The city of Minneapolis has hired an outside firm to investigate the leak of a draft report that detailed how police in some cases urged paramedics to sedate people with ketamine.
The St. Paul-based firm NeuVest will interview city employees to determine the extent of the breach, which will touch on all the staff members who had access to the draft report. The City Clerk's office said state law gives it the authority to determine if the leak of the draft report has resulted in any breach of private data, which under state law could expose someone to a misdemeanor charge.
"It's important for us to do this investigation, which is required by the law, and for us to educate people on how to effectively conduct oversight of the government," said Christian Rummelhoff, assistant city clerk and director of records and information management who is overseeing the investigation.
City Clerk Casey Carl said the leak investigation is the largest the city has launched since he was hired in 2010. Rummelhoff said he doesn't know how much the investigation would cost the city. He said a copy of the contract between NeuVest and city wasn't available Tuesday.
The leak investigation started about two weeks after the Star Tribune published a story on June 15 about the draft report, conducted by the city's Office of Police Conduct Review.
The draft report, which did not contain any names of people associated with ketamine incidents, had been circulated within City Hall.

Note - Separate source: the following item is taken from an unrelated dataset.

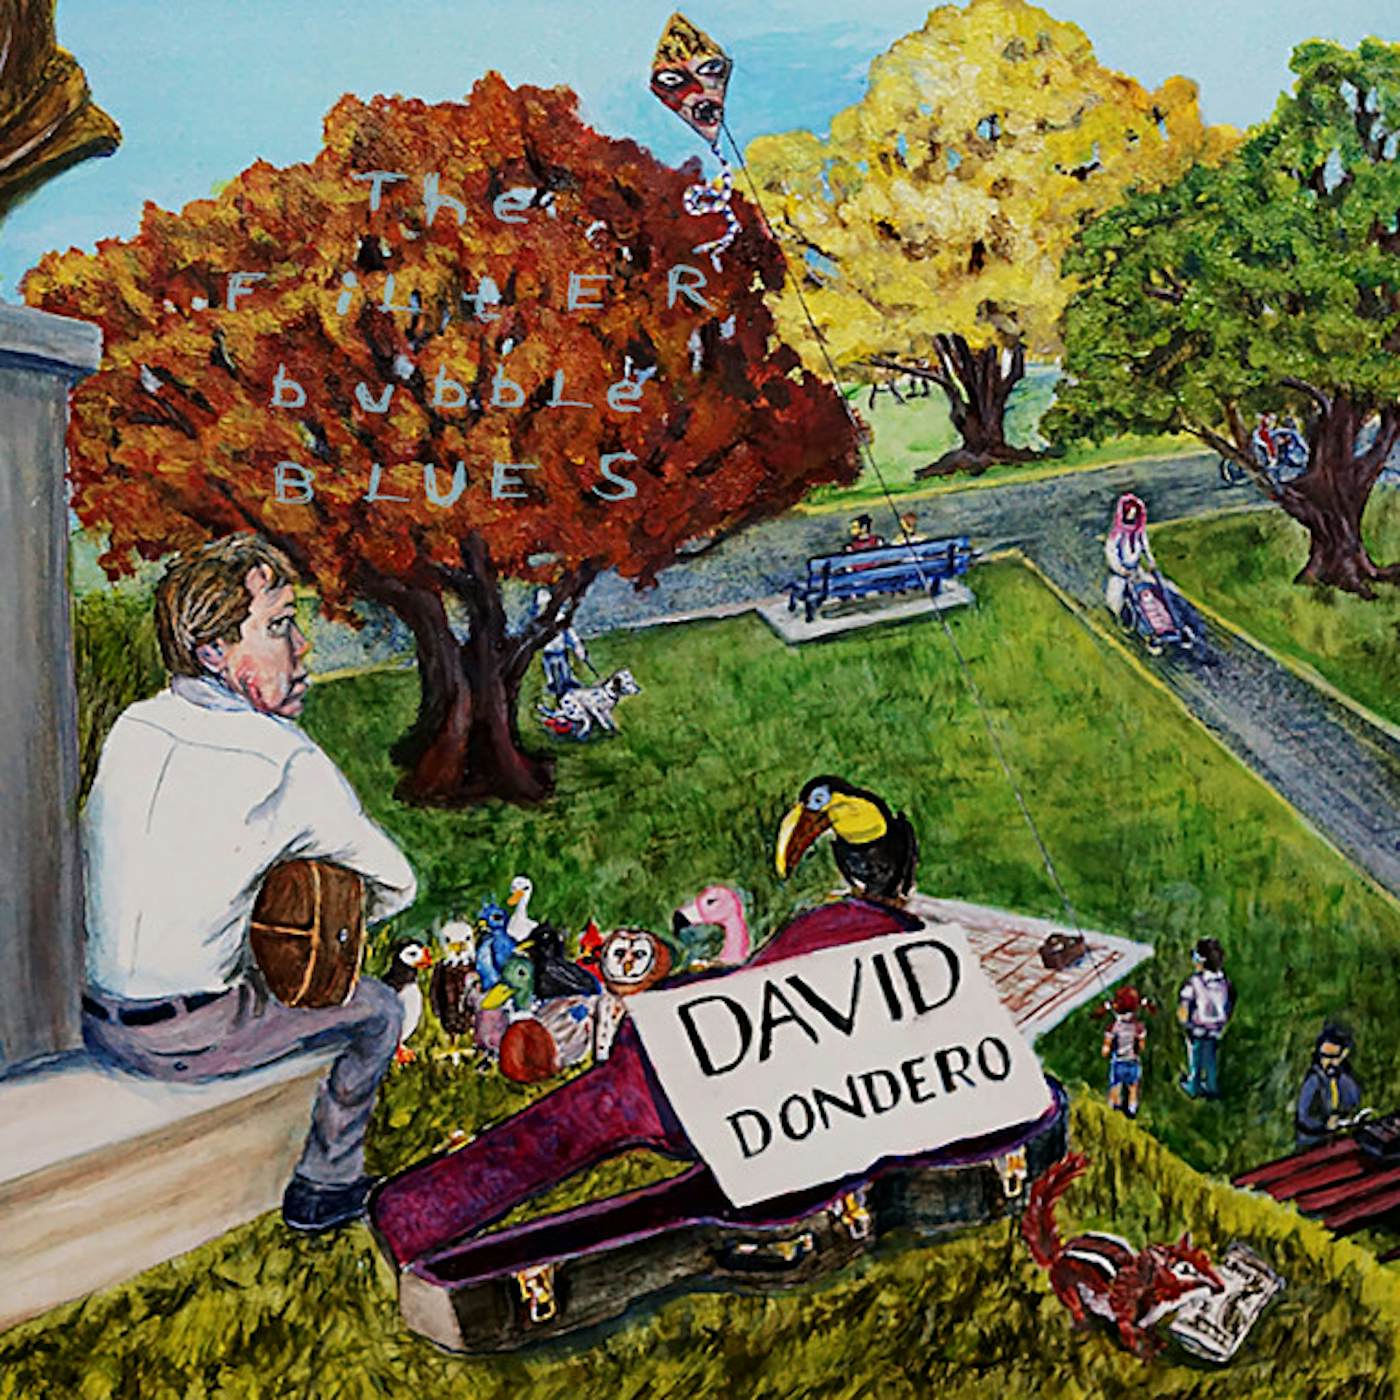 David Dondero FILTER BUBBLE BLUES CD

Council Member Jeremiah Ellison said it's important to protect personal medical information, but he doesn't want people punished for providing information that's in the public interest. "I don't think it's right for the city to go pursuing people who would leak valuable information, especially something like the ketamine situation," he said.
Jane Kirtley, a professor of media ethics and law at the University of Minnesota, said a leak like the draft report on ketamine use is a "matter of legitimate public concern" that "outweighs whatever harm it is that the city is trying to claim."
"Leak investigations like this are usually prompted by embarrassment over the underlying matter that was leaked," Kirtley said. The city's move "chills whistleblowers from making disclosures that are matters of public interest."
The Star Tribune's reporting generated a public outcry that led Hennepin Healthcare to halt any study of ketamine use on patients without their consent. The city also hired former Acting U.S. Attorney General Sally Yates to investigate whether its police officers improperly influenced paramedics' decisions to use the drug.
"There's no time to waste in launching our independent review of the interaction between Minneapolis cops and medical personnel, and I am confident that Ms. Yates is the highest caliber candidate to lead a thorough investigation," Mayor Jacob Frey said a week after the story's publication.
In an interview Tuesday evening, Frey said he's not involved in the leak investigation. "We are focused very much on the investigation conducted by Sally Yates that gets to the bottom of interactions between Minneapolis police and EMS," he said.
Last week, the city's Office of Police Conduct Review released the final version of the report to the public and presented its findings to City Council members. Similar to the draft, the report detailed several occasions when Minneapolis police officers urged paramedics to sedate people with ketamine.
Last September, the U announced it had paid a law firm $74,400 to find out who leaked information to KSTP-TV about a sexual harassment investigation involving an associate athletic director. The U said later results were inconclusive.